Task details
An exact copy is the goal: every line from the one containing "eaton contactor wiring" to the end of the material below, pictures excluded.

Recorded data

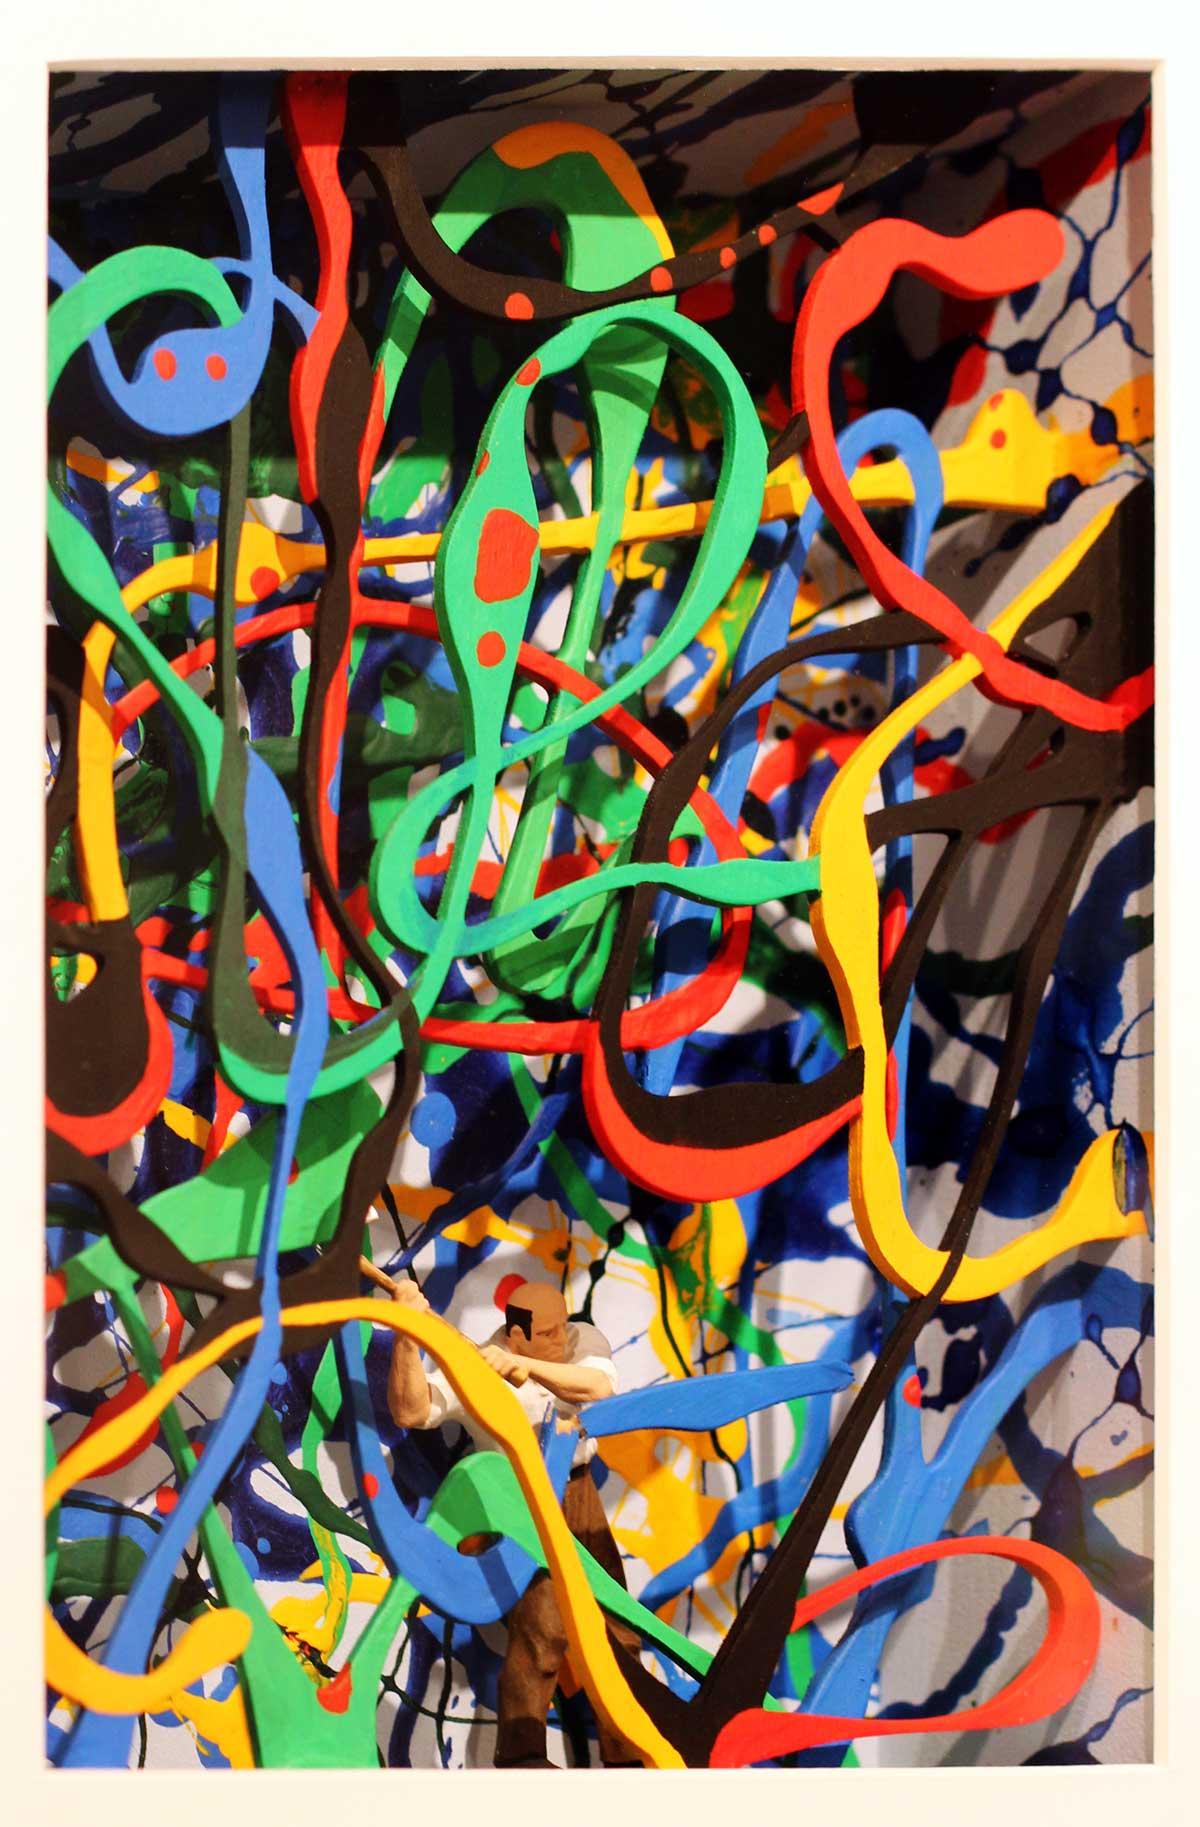 Volker Kühn - hommage à Pollock - Art in Boxes
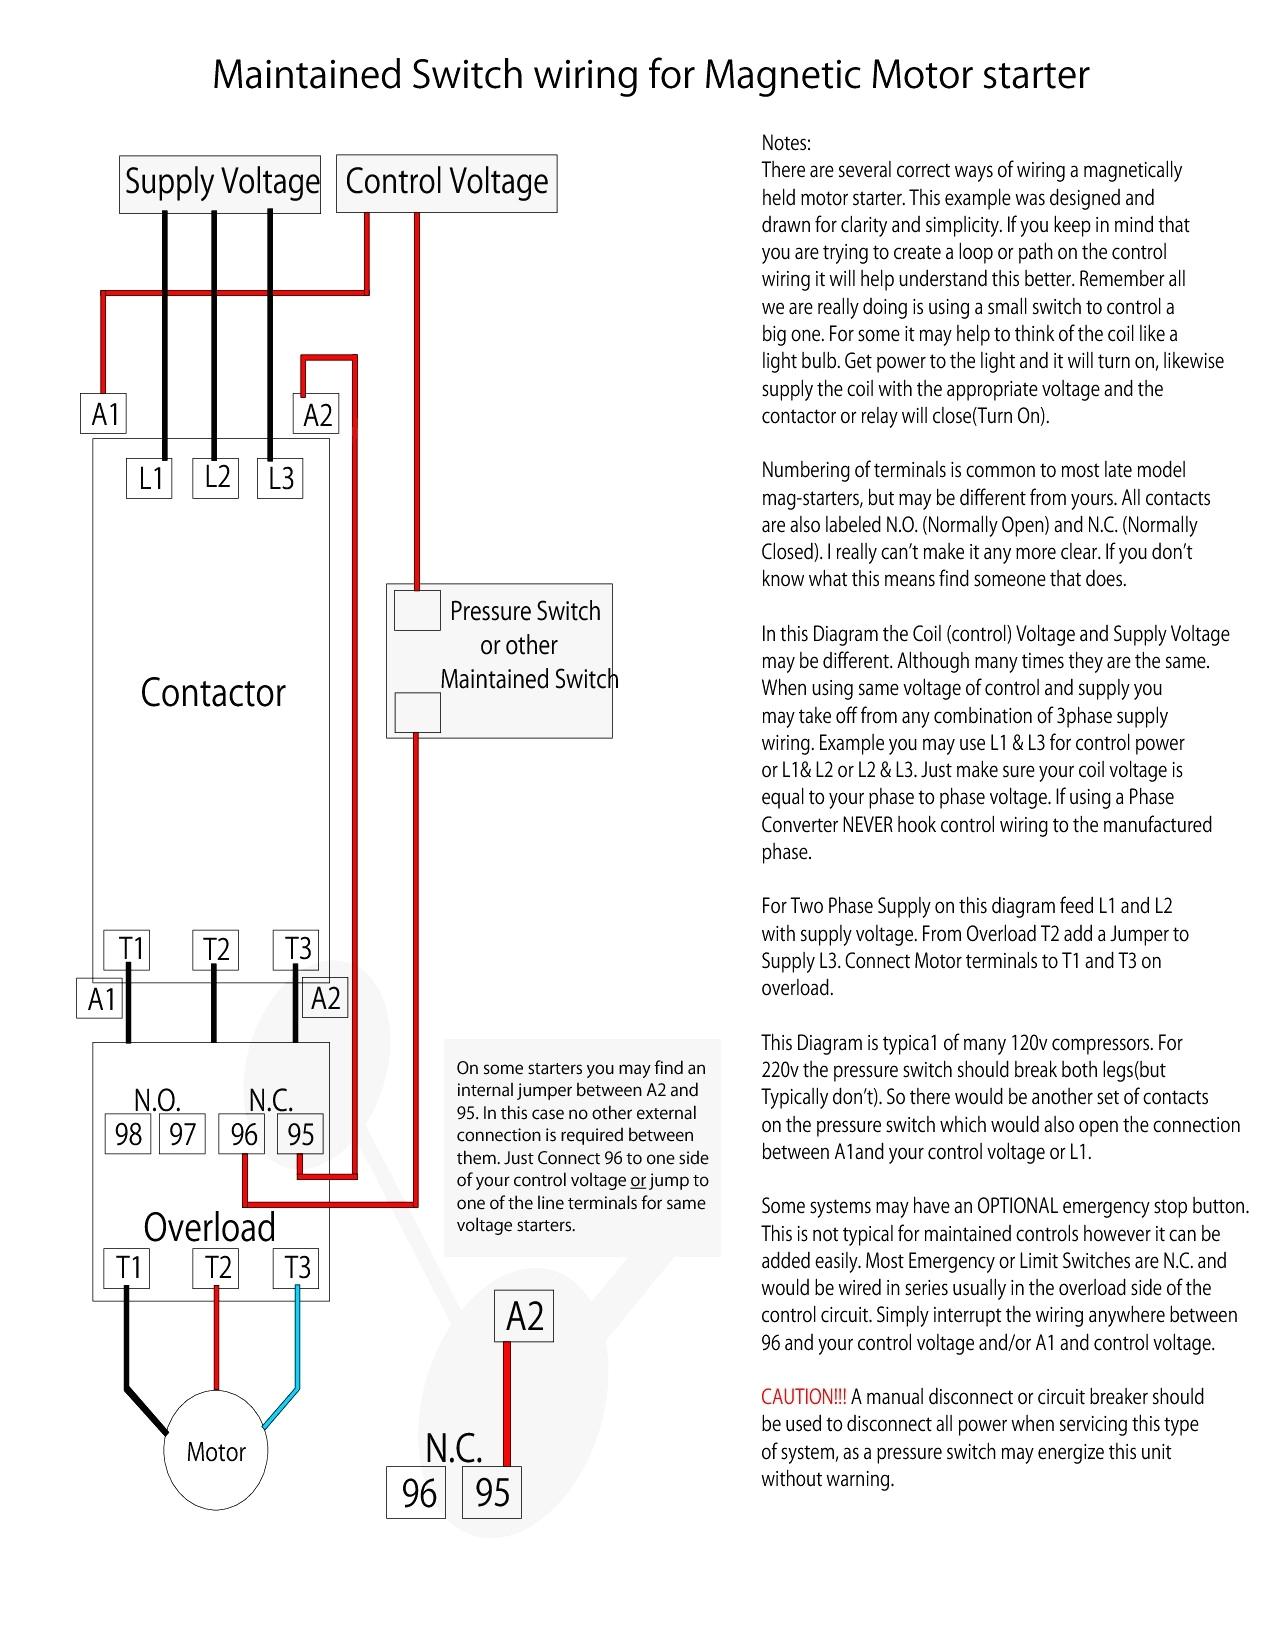 eaton contactor wiring diagram wiring diagram cutler hammer motor starter new cutler hammer contactor wiring diagram 9k jpg
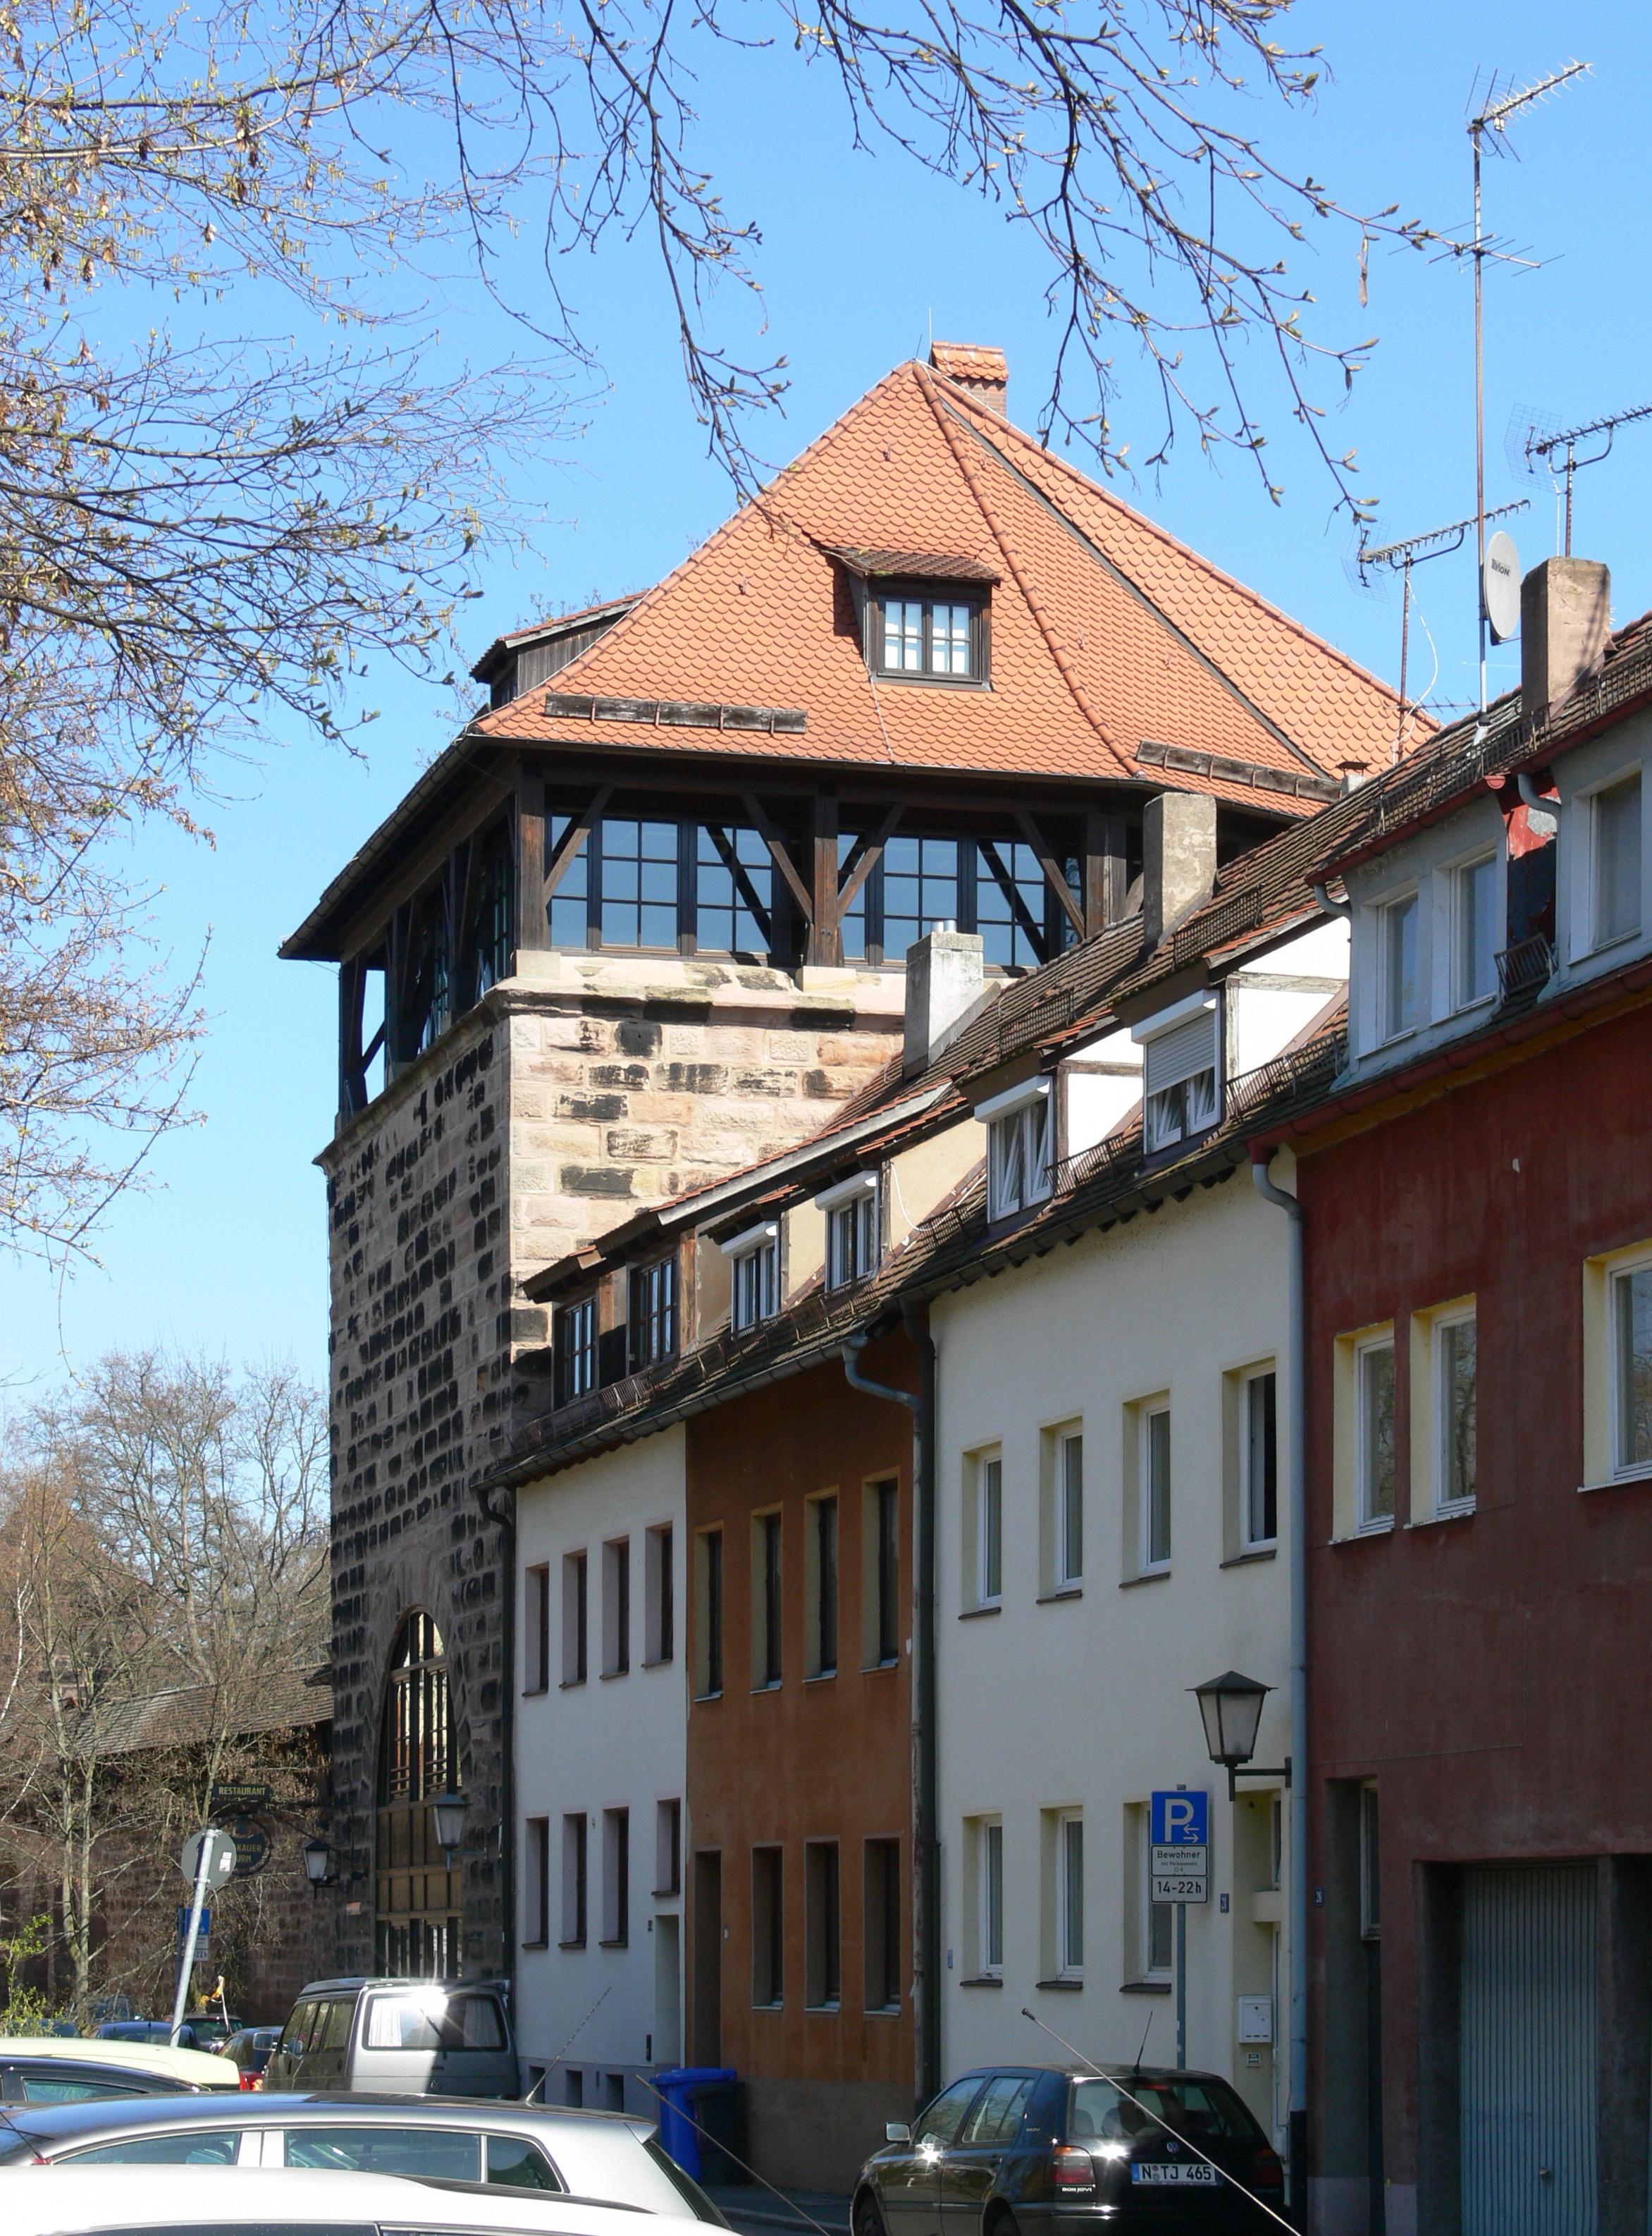 Inspirational Krakauer Haus Nürnberg

Exercise response
 eaton contactor wiring diagram wiring diagram cutler hammer motor starter new cutler hammer contactor wiring diagram 9k jpg
 Inspirational Krakauer Haus Nürnberg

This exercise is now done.